- [EXERCISE AIM]: When you copy the listing, reproduce each line as it appears and omit every image.

[[ SOURCE MATERIAL open ]]

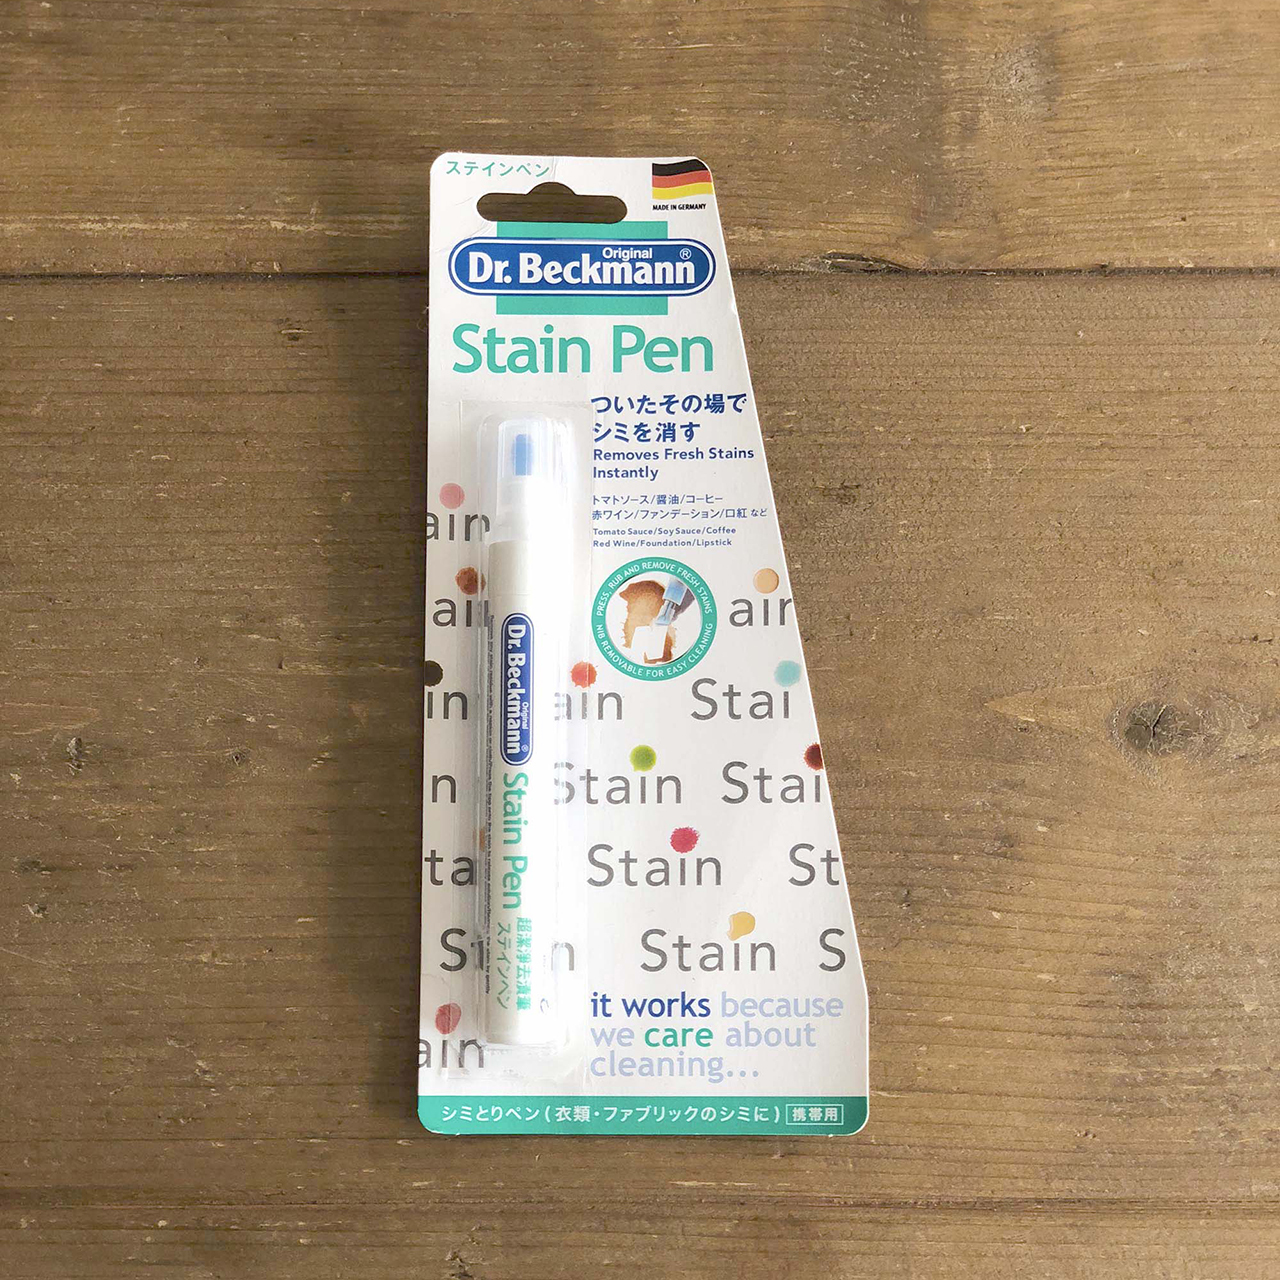 STAIN PEN / 携帯用シミとりペン 多目的タイプ
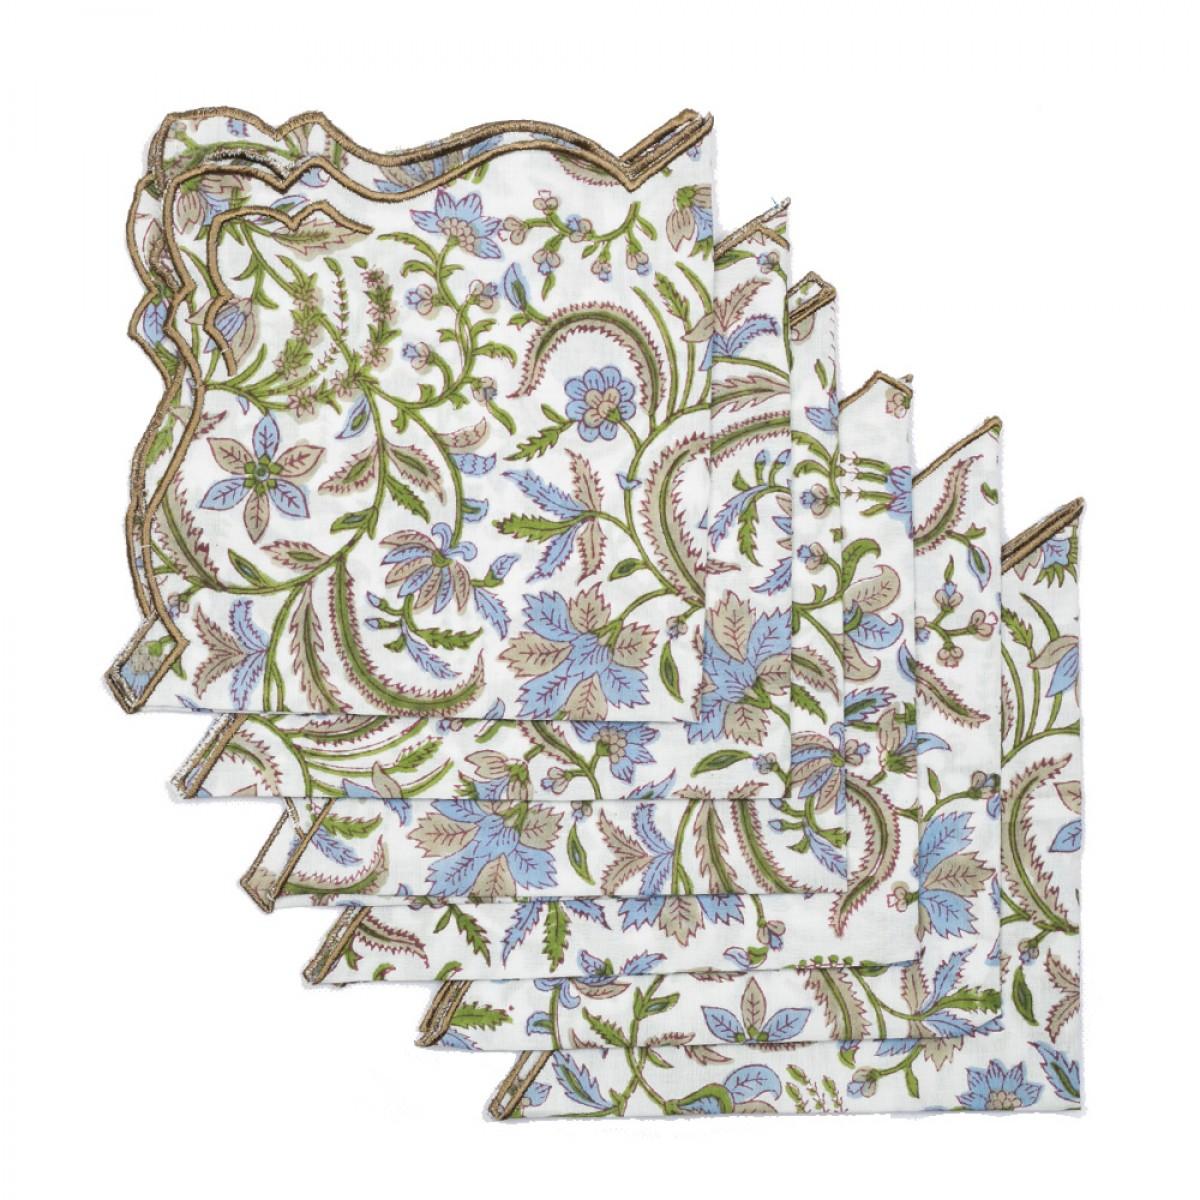 Cotton Scallop Embroidered Printed Napkin - White (Set of 6)
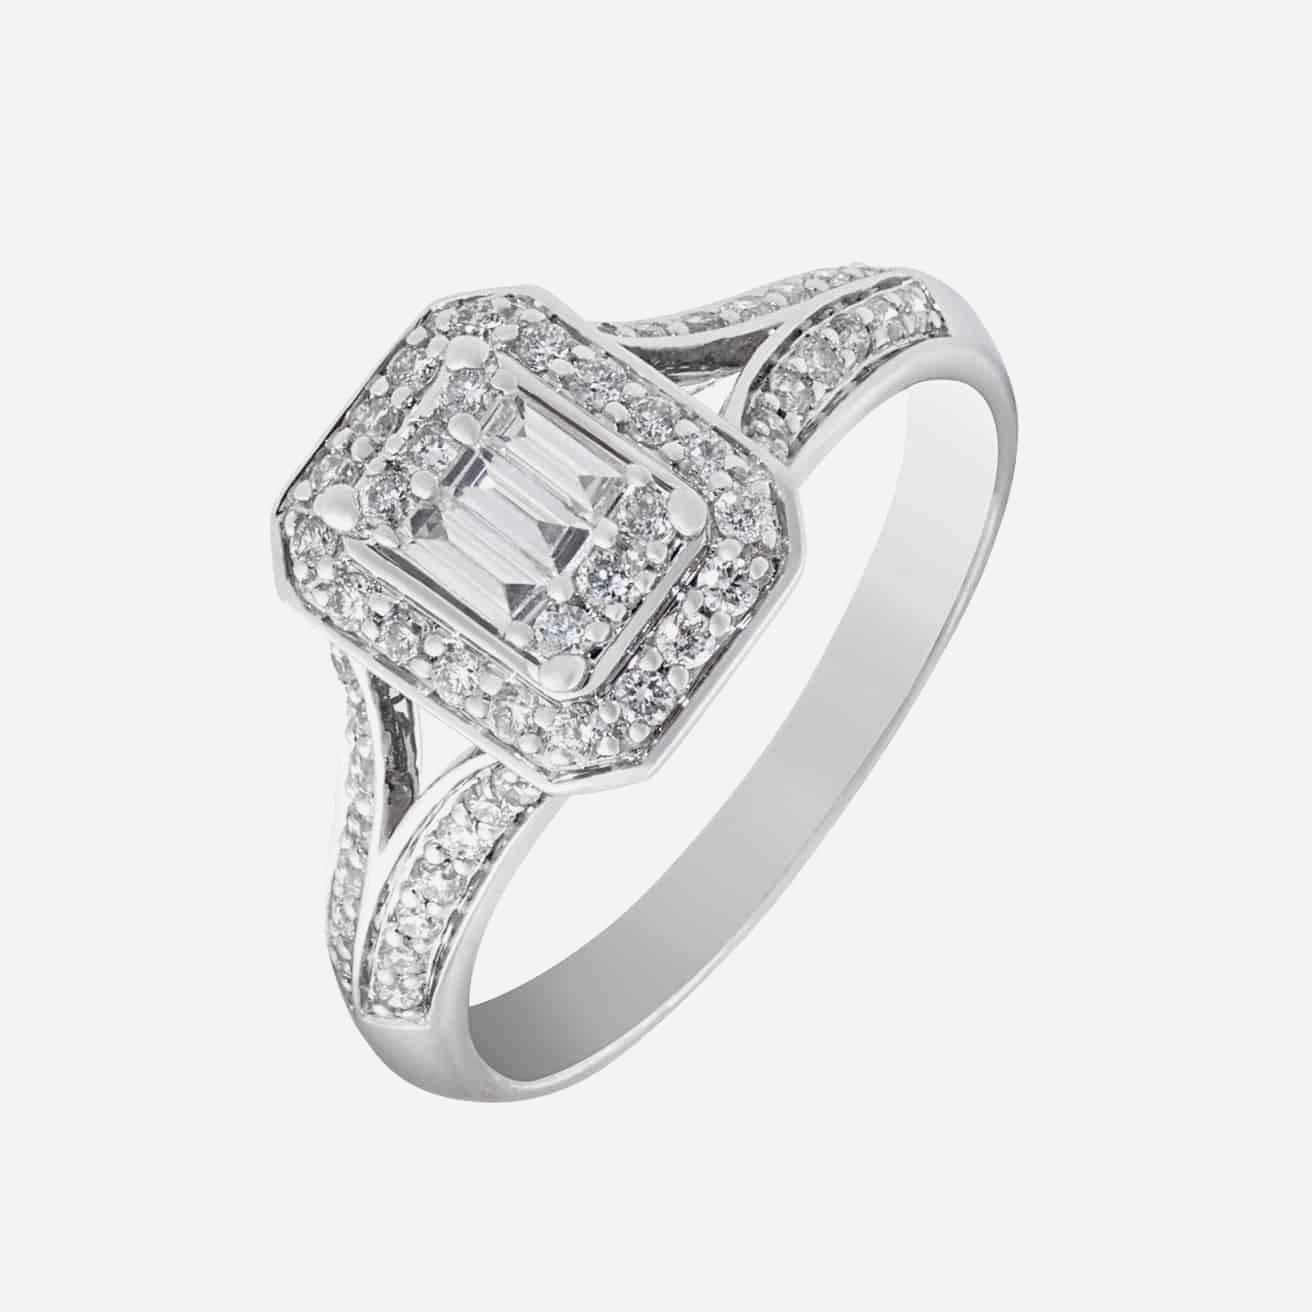 Beautiful Diamond Rings Under 200 – Depoisdevoar With Engagement Rings Under 200 (Gallery 13 of 15)
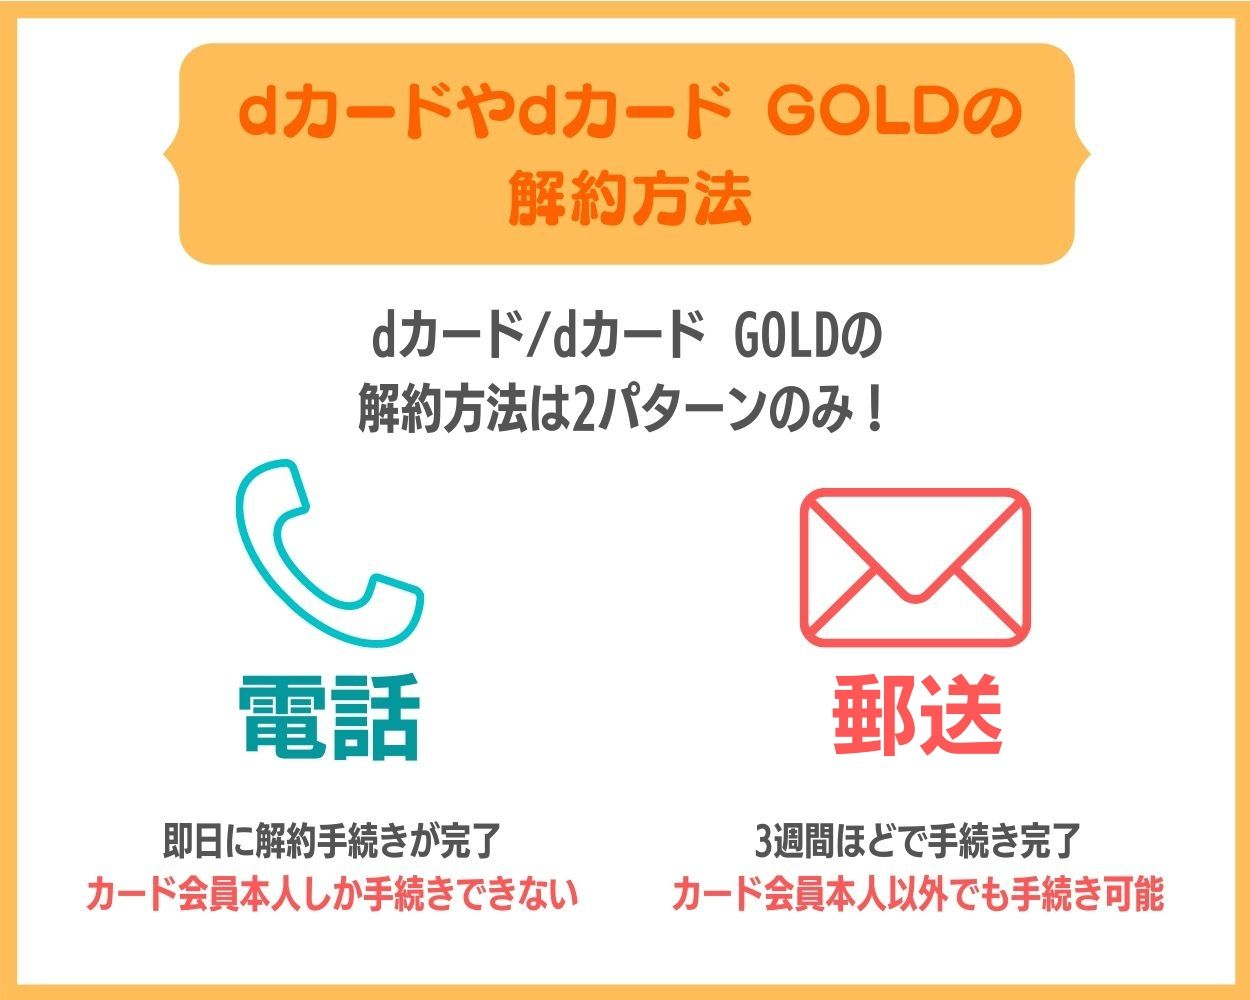 dカードやdカード GOLDの解約方法は電話or郵送のみ!

[[ SOURCE MATERIAL closed ]]

- [FINISHED EXERCISE]:
 STAIN PEN / 携帯用シミとりペン 多目的タイプ
 Cotton Scallop Embroidered Printed Napkin - White (Set of 6)
 Beautiful Diamond Rings Under 200 – Depoisdevoar With Engagement Rings Under 200 (Gallery 13 of 15)
 dカードやdカード GOLDの解約方法は電話or郵送のみ!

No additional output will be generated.